▶ **TASK DETAILS**
Each line of the data below between the one containing "image 2 Платье" and the one containing "Yonelle Anti-Age D3", both included, is to be repeated exactly. Please omit pictures.

▶ **RECORDS**
####################
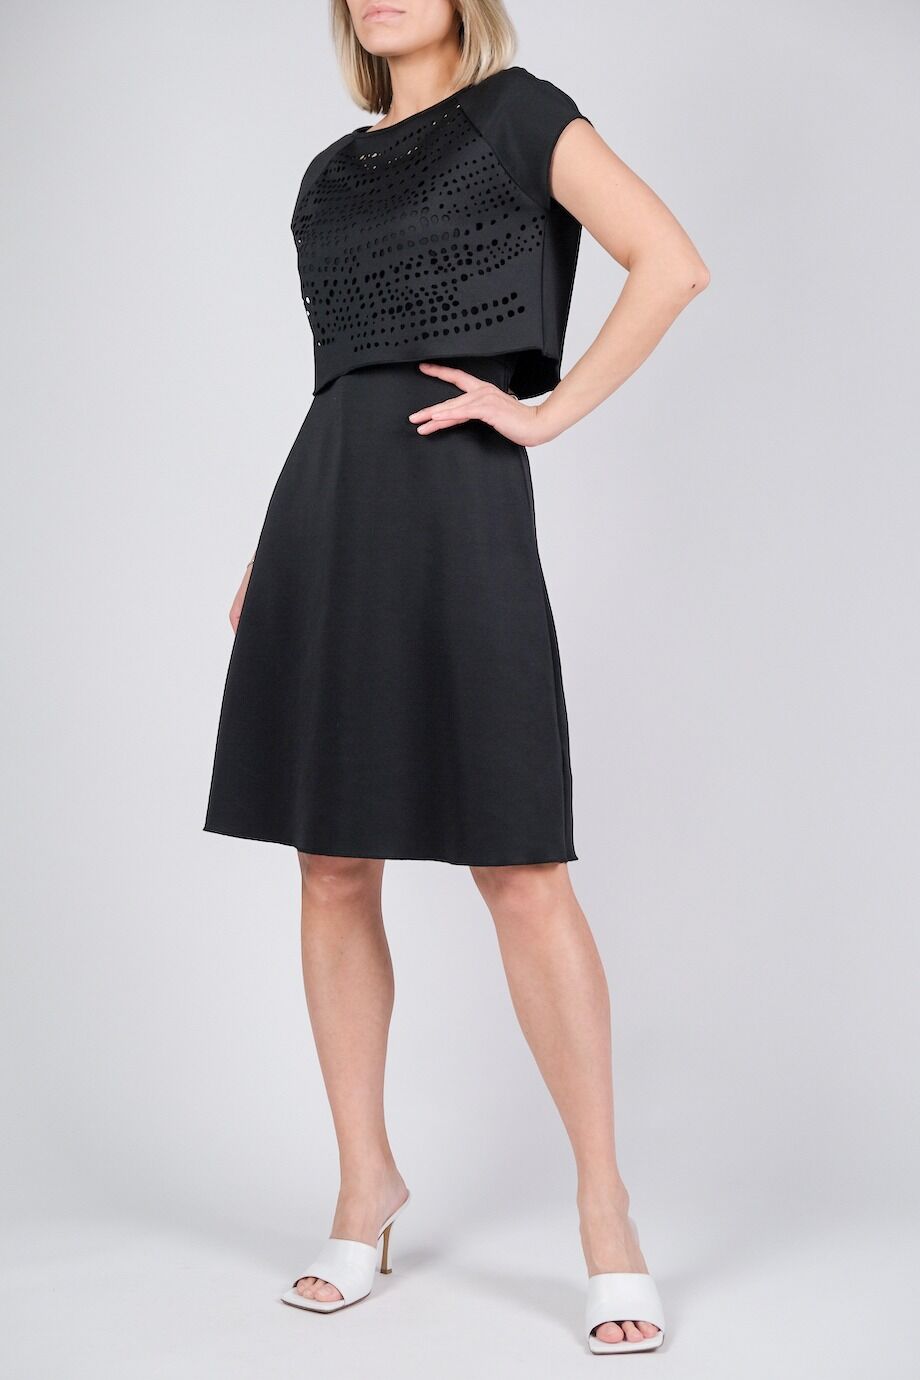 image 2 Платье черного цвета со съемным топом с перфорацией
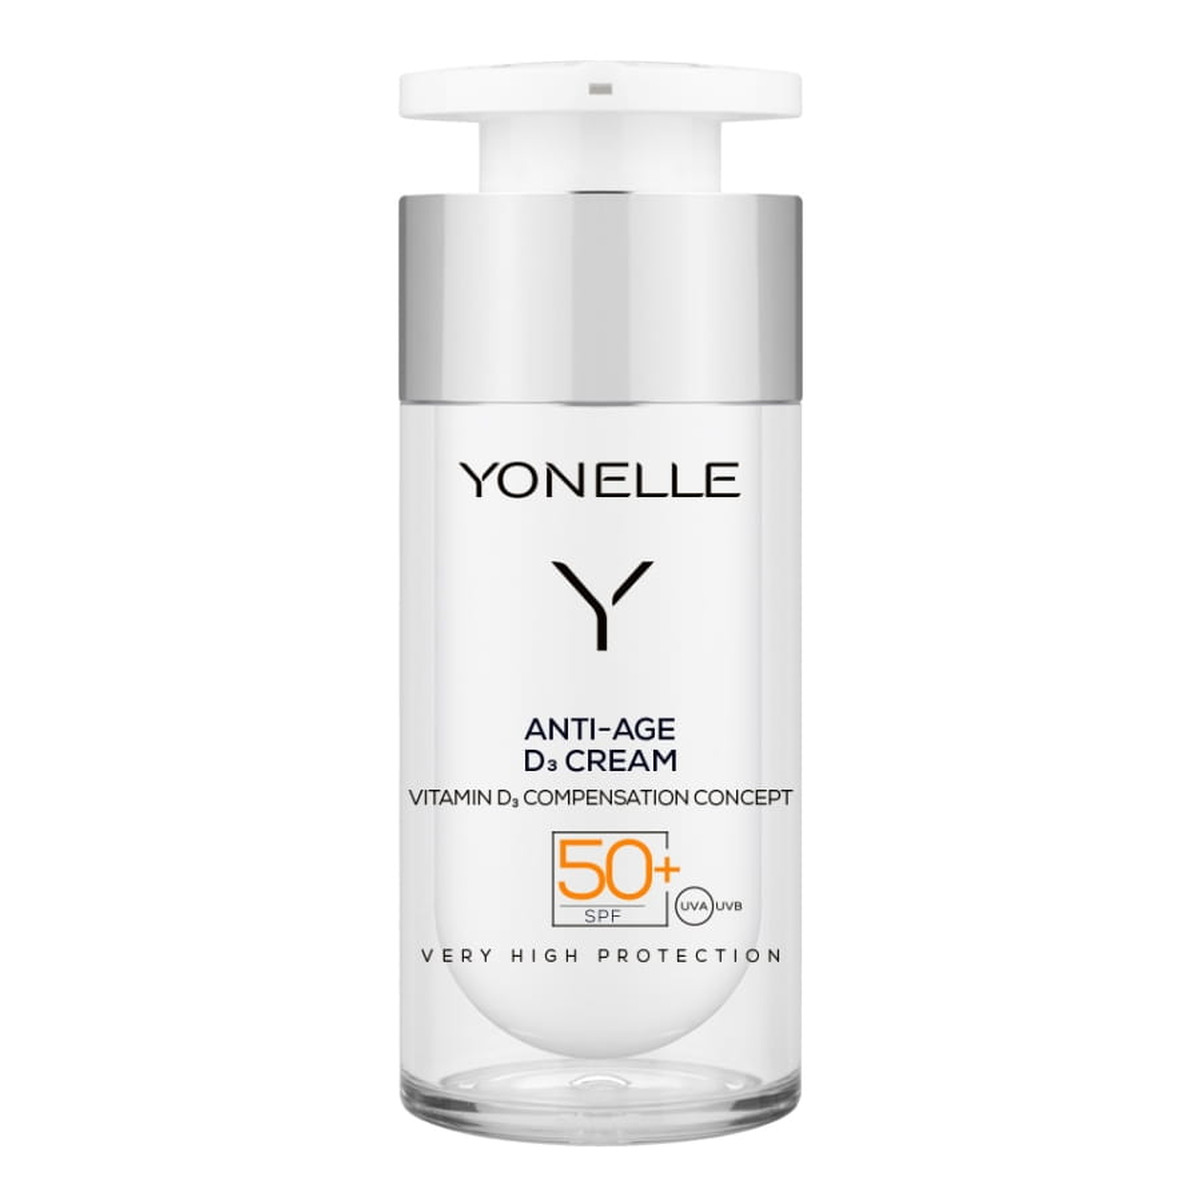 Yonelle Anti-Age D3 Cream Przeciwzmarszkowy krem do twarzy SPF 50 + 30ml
####################
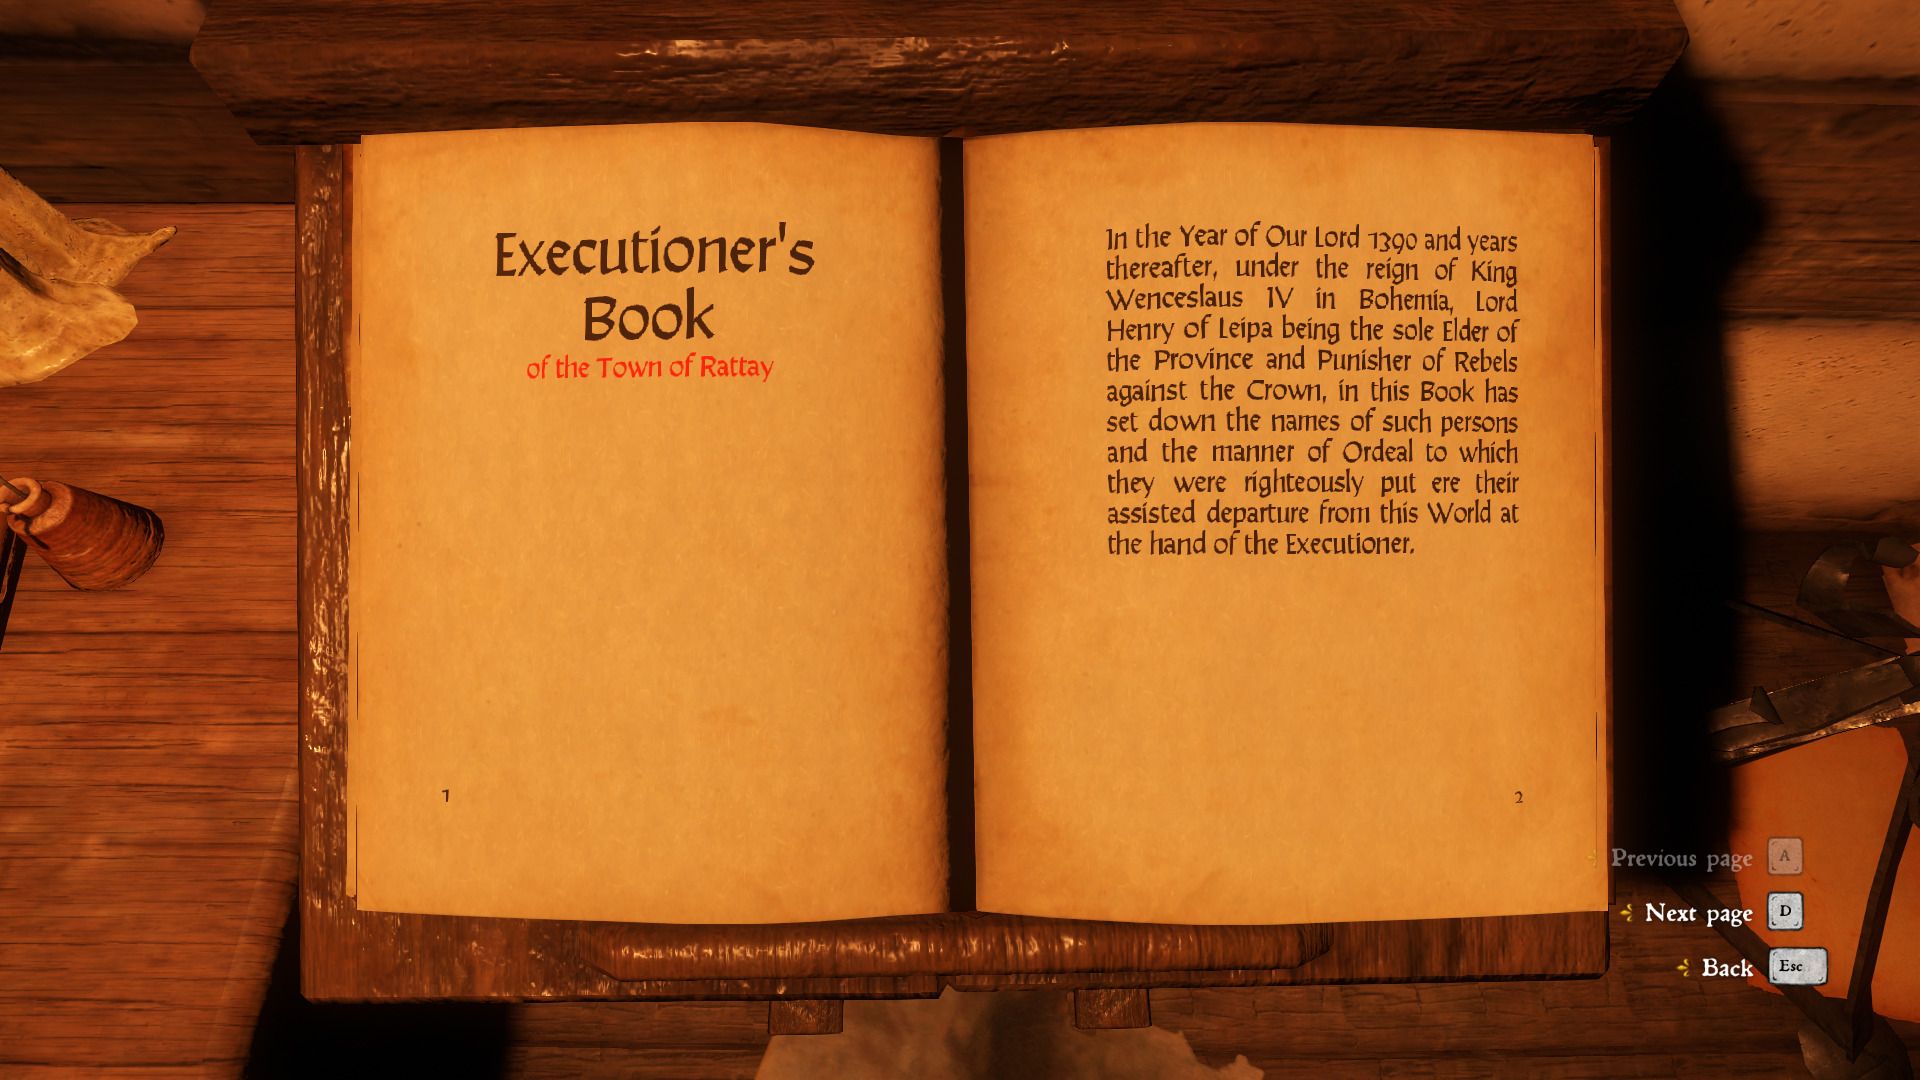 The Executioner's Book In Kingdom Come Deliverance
####################
▶ **RESULT FOR THIS EXERCISE**
 image 2 Платье черного цвета со съемным топом с перфорацией
 Yonelle Anti-Age D3 Cream Przeciwzmarszkowy krem do twarzy SPF 50 + 30ml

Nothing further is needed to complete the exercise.